Spiesberger also stood as a master and reviver of the Sidereal Pendulum, a subtle instrument of divination and energetic perception. His work, Der erfolgreiche Pendel-Praktiker (1955) remains a cornerstone of modern dowsing literature, later translated into English as Reveal the Power of the Pendulum.[8]
Here again, his pattern repeats: recovery, refinement, and reintroduction. Just as with the Runes, he brought forgotten techniques back into conscious practice, grounding them in both magickal and quasi-scientific frameworks.
Legacy of the Rune Magus
Yet it is through the Runes that his Spiesberger’s name endures most vividly. His work shaped later authors including, quite importantly, Edred Thorsson (Stephen Flowers), whose widely read texts introduced Rune lore to English-speaking audiences. In several volumes, Flowers recounts how as an undergraduate student, he discovered Spiesberger’s works at his university library.[9] In his best-selling volume, Futhark, Flowers acknowledges Spiesberger’s influence, “the present work in traditional runic system(s) owes much to Spiesberger’s research and synthesizing.”[10]
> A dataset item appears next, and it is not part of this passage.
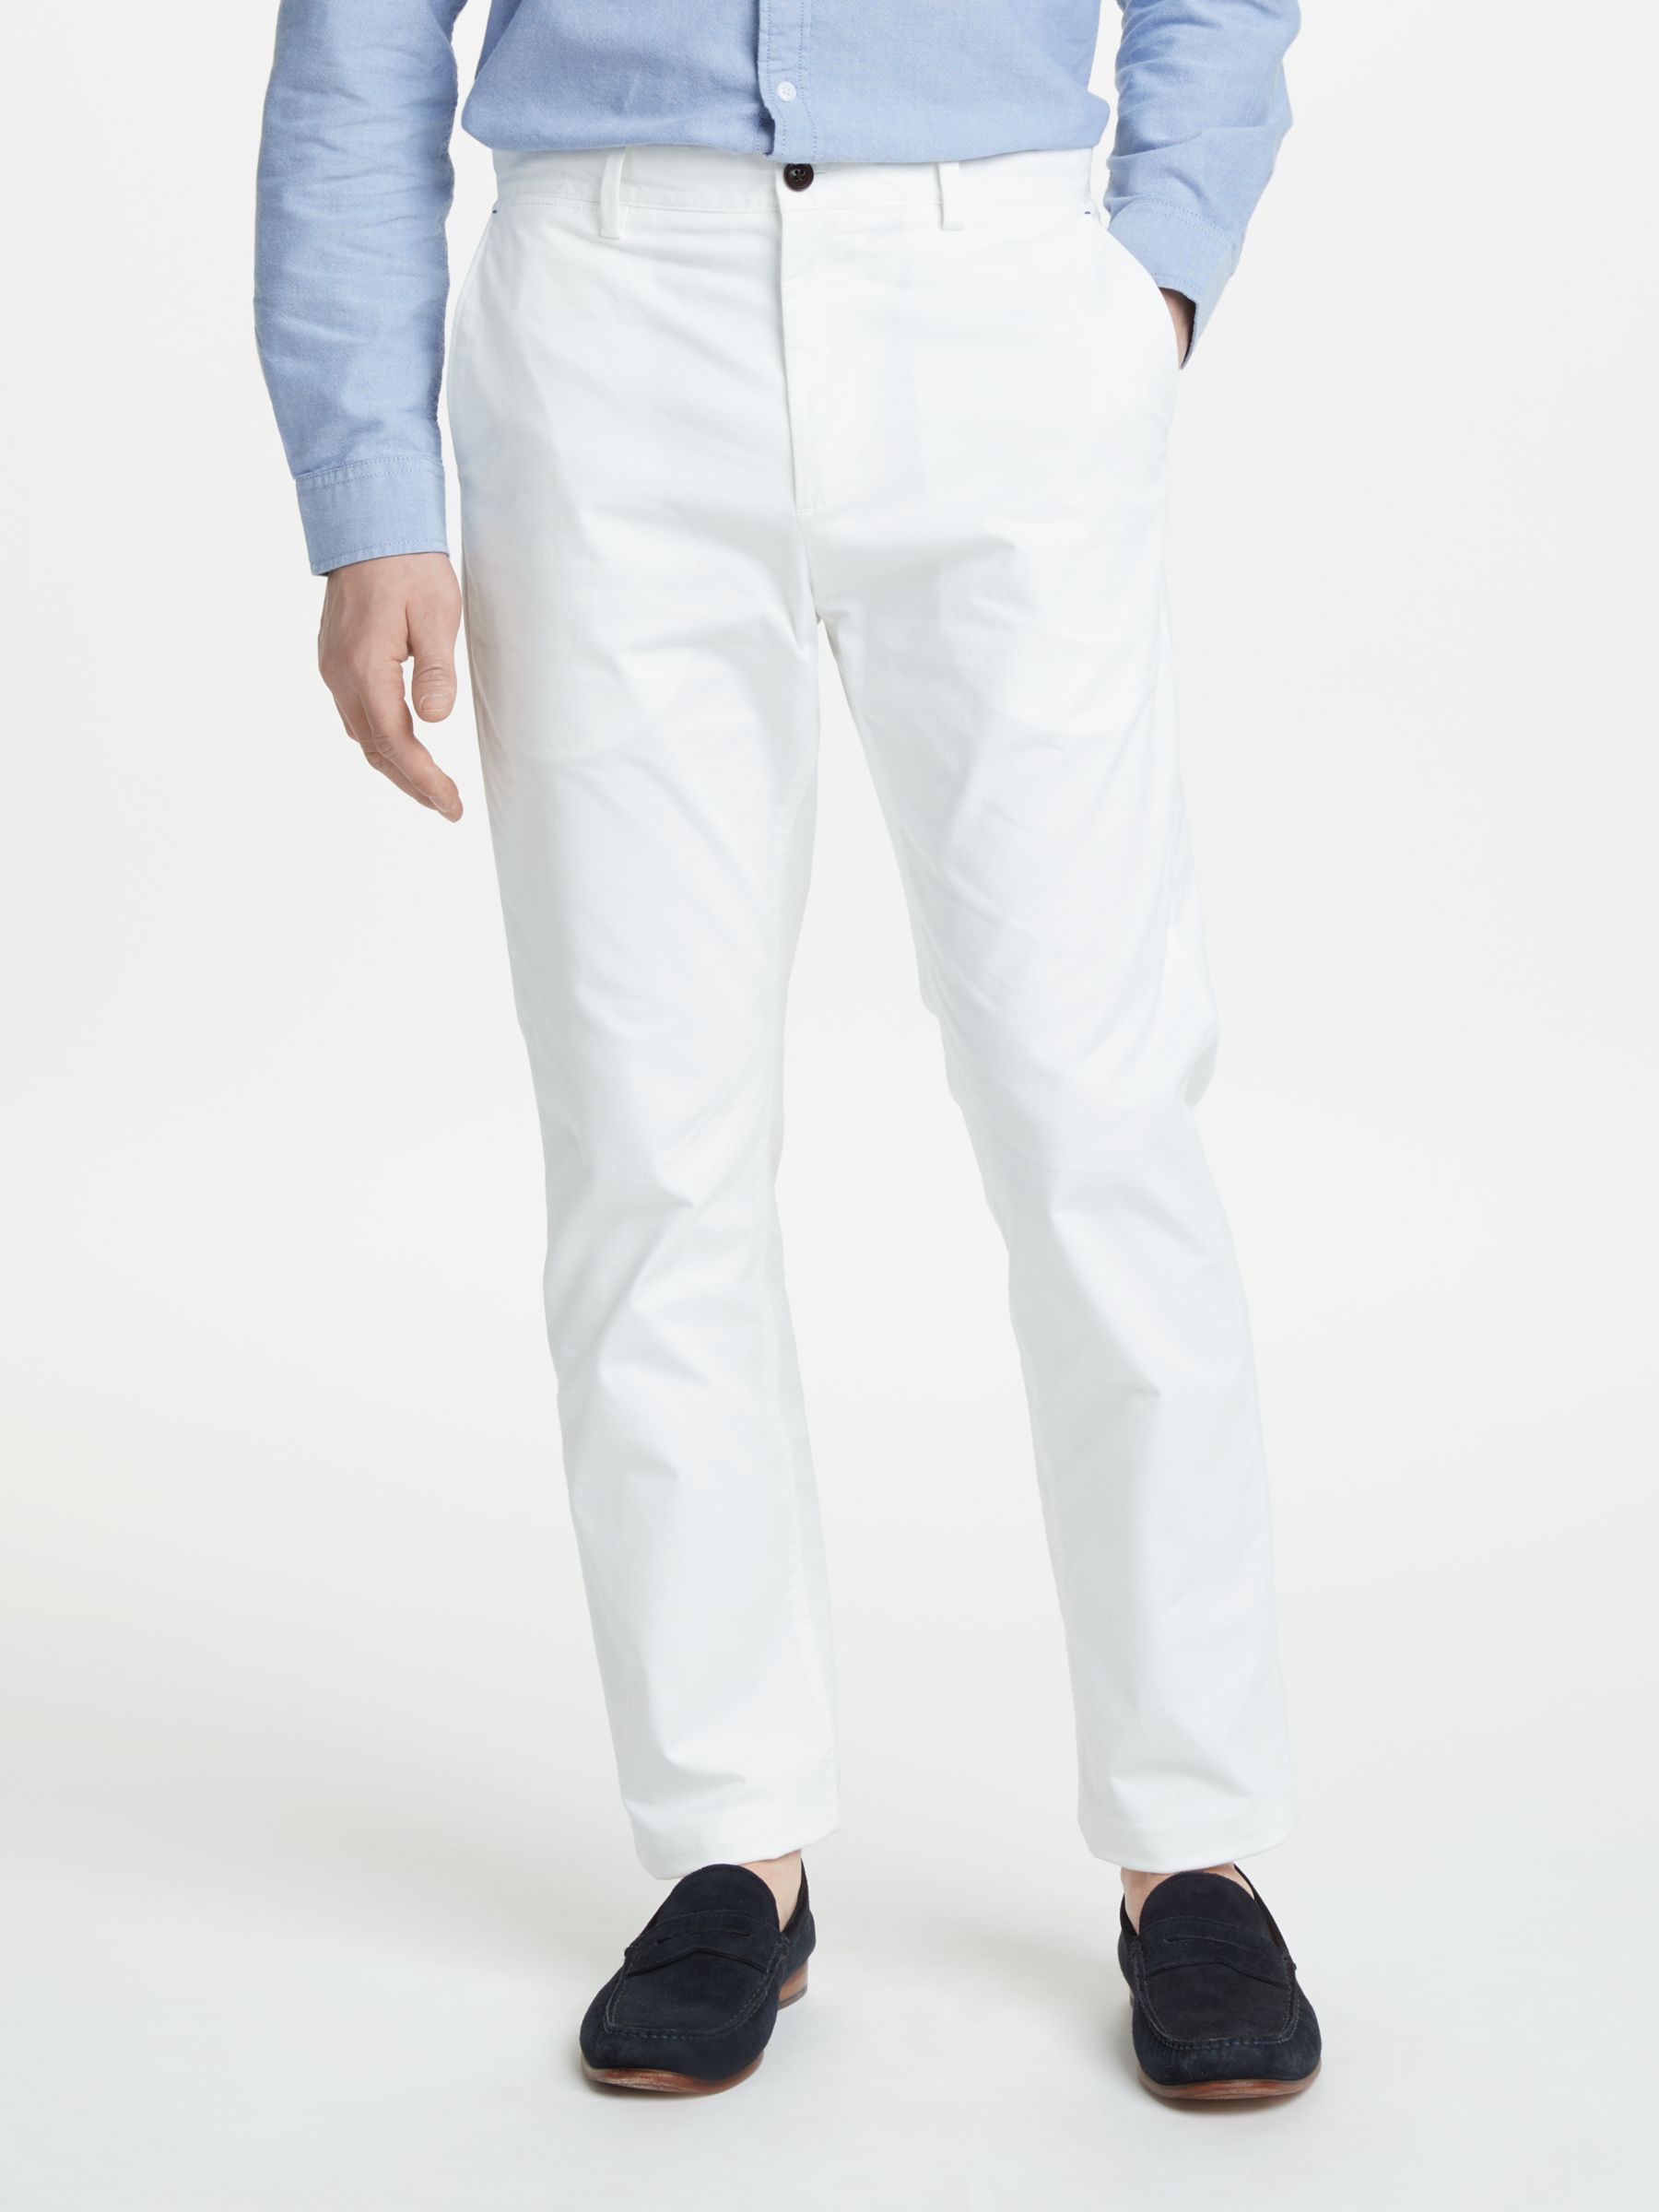 John Lewis & Partners Essential Chinos, White, 34S

Spiesberger also strongly influenced, and may have even instructed Karl Welz,[11] further extending his lineage into modern Runic currents. Welz translated two of Spiesberger’s rituals and included them in his Letter of Instructions: “Magical Calling of the ‘You’” and “Ritual of the Gnostic Wedding.” Welz commented that these rituals “unify spirit and consciousness-matter.”[12]
Karl Spiesberger died on January 24, 1992, at the age of 87. But in the language of the mysteries, death is not an end—it is a transition. The currents he reawakened continue to flow: in ritual, in symbol, in the cosmic resonance of the Runes themselves. Where once the Runes lay buried beneath history’s wreckage, he raised them again—not as emblems of division, but as keys to the infinite. And in that act, he transformed not only the fate of the Runes—but the path of modern Western occultism itself.
Notes:
1. https://persondata.toolforge.org/p/Karl_Spiesberger
2. Edred Thorsson, Rune Might: The Secret Practices of the German Rune Magicians (Rochester, VT: Inner Traditions, 2018), 36.
3. Stephen E. Flowers, Revival of the Runes: The Modern Rediscovery and Reinvention of the Germanic Runes (Rochester, VT: Inner Traditions, 2021), 152.
4. For the most in-depth study of the Fraternitas Saturni, see Stephen E. Flowers, The Fraternitas Saturni: History, Doctrine, and Rituals of the Magical Order of the Brotherhood of Saturn, (Rochester, VT: Inner Traditions, 2018).
5. Flowers, Fraternitas Saturni, 32.
6. Ibid, 34.
7. Kenneth Chipman, “Preface to Spiesberger’s Runenmagie.” Privately shared by the author.
8. Karl Spiesberger, Reveal the Power of the Pendulum: Secrets of the sidereal pendulum. A complete survey of pendulum dowsing (London: W. Foulsham and Co. Ltd, 1987).
9. Flowers, Revival, 164. Flowers also recounts this story in Edred Thorsson, History of the Rune-Gild: The Reawakening of the Gild 1980-2018 (North Augusta, SC: Arcana Europa, 2019), 16.
10. Edred Thorsson, Futhark: A Handbook of Rune Magic (San Francisco: Weiser Books, 1984), 16.
11. Kenneth Chipman, Grand Master of the Knights of Runes and a student of Karl Welz, recounted that Welz personally told him he had met Spiesberger in Berlin during his time as a member of the Sacred Brotherhood of the Golden Ray. According to Chipman, Welz attended a weekend workshop led by Spiesberger that was devoted to the 18-rune Futhorkh system.